Work required:
Pictures are to be left out; every line from the one that holds "Santa Ynez Vineyard" to the end of the data is to be retyped exactly.

Information supplied:
══════════

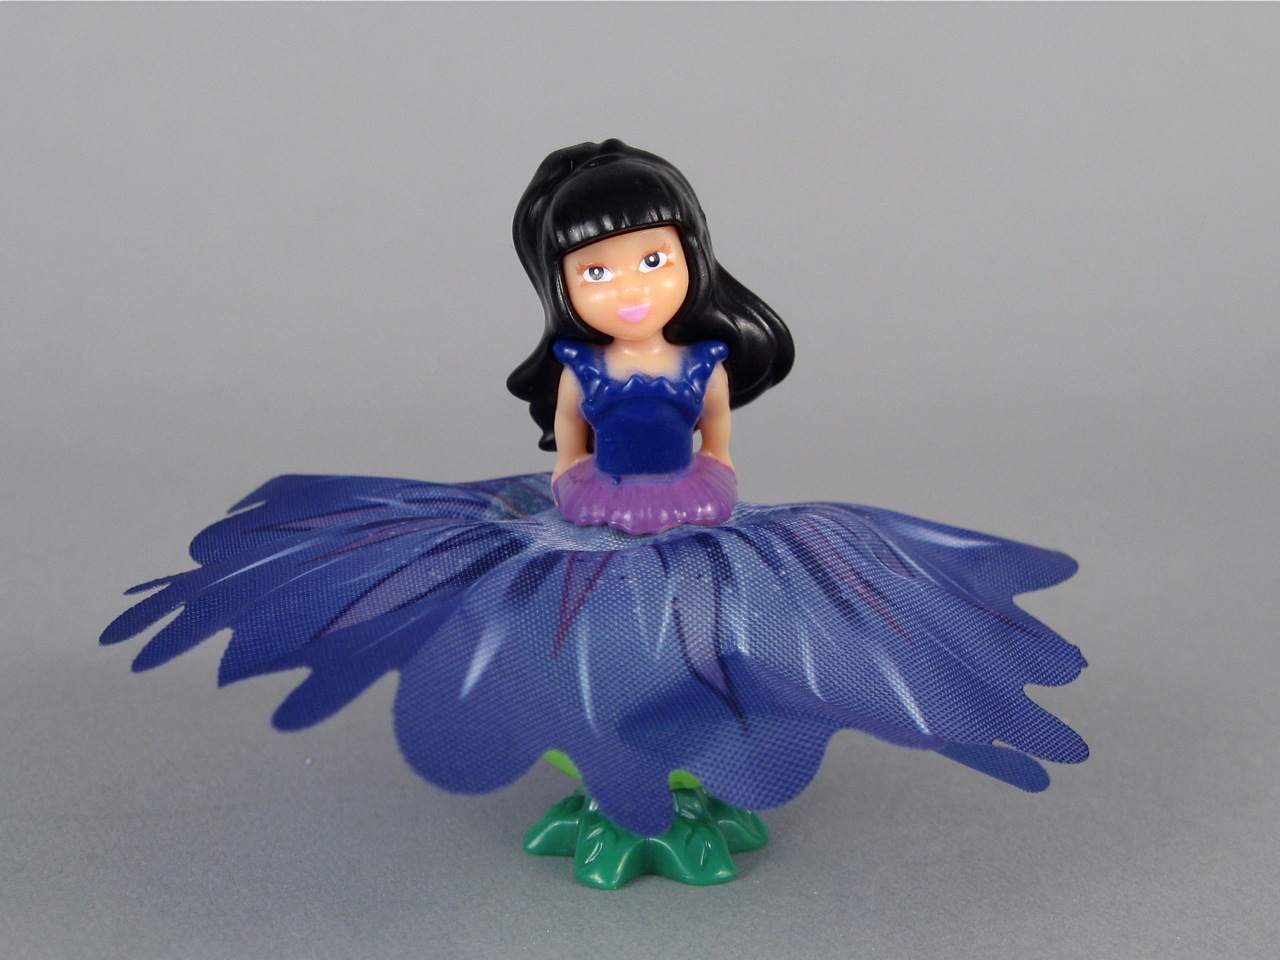 Flowee doll mini
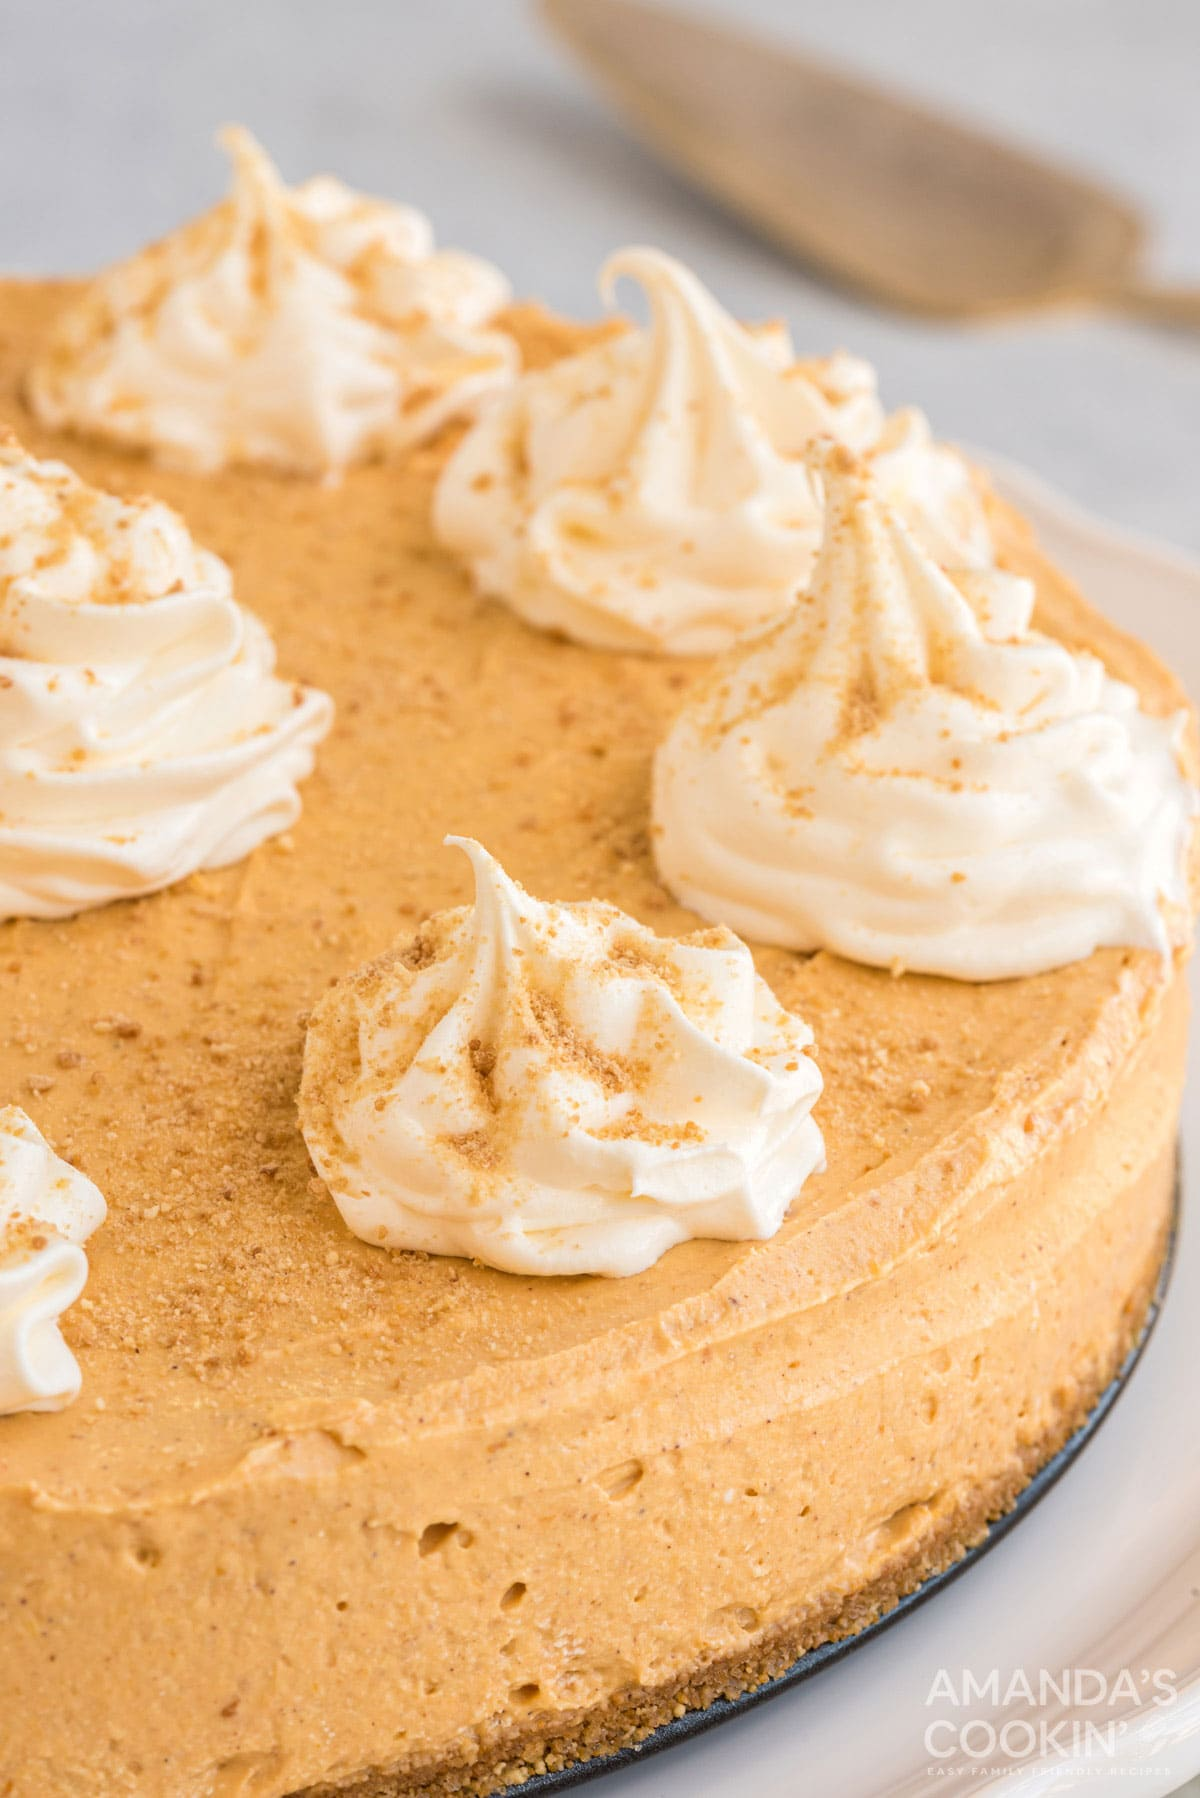 no bake pumpkin cheesecake with whipped topping garnish
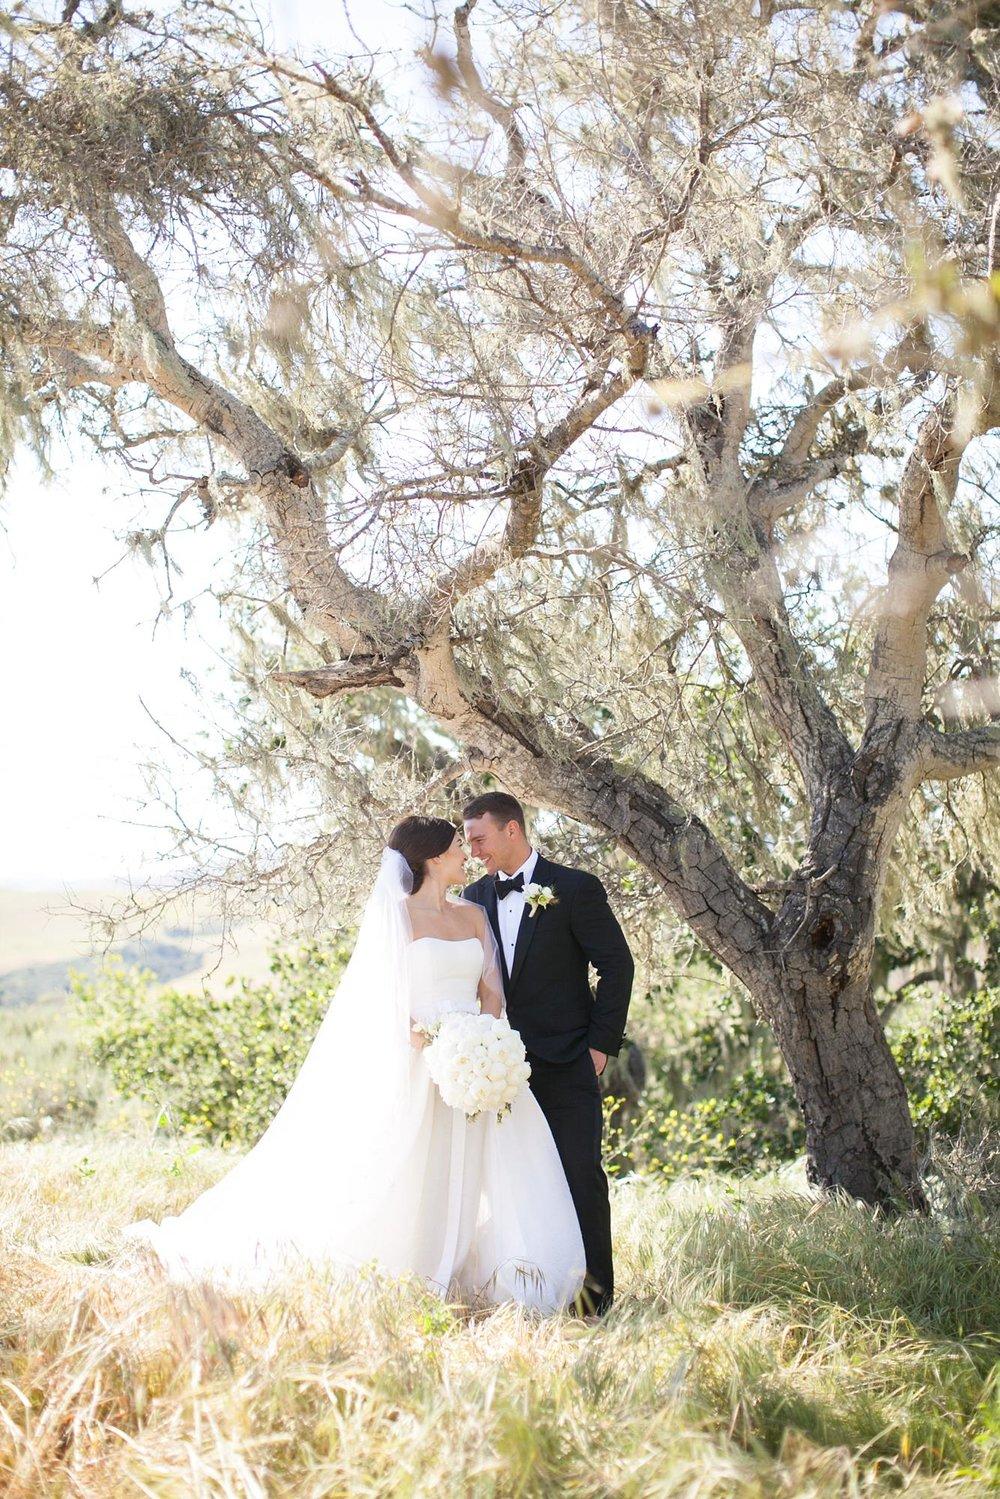 Santa Ynez Vineyard Wedding | Miki & Sonja Photography | mikiandsonja.com
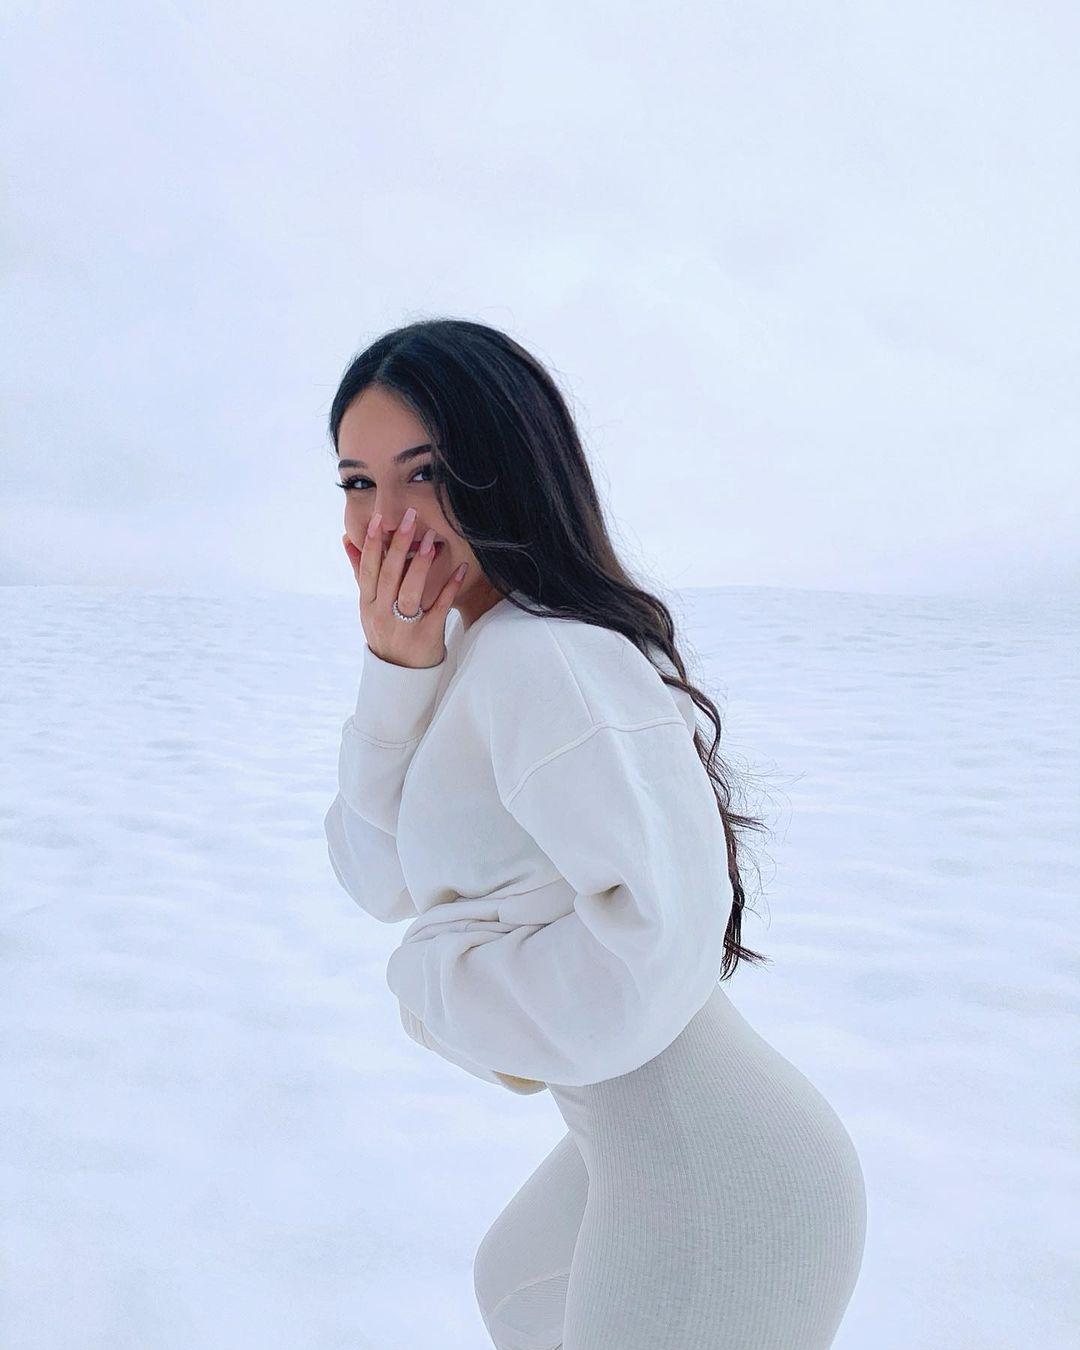 Leyla-Melina-Wallpapers-Insta-Fit-Bio-38

══════════

Exercise result:
 Santa Ynez Vineyard Wedding | Miki & Sonja Photography | mikiandsonja.com
 Leyla-Melina-Wallpapers-Insta-Fit-Bio-38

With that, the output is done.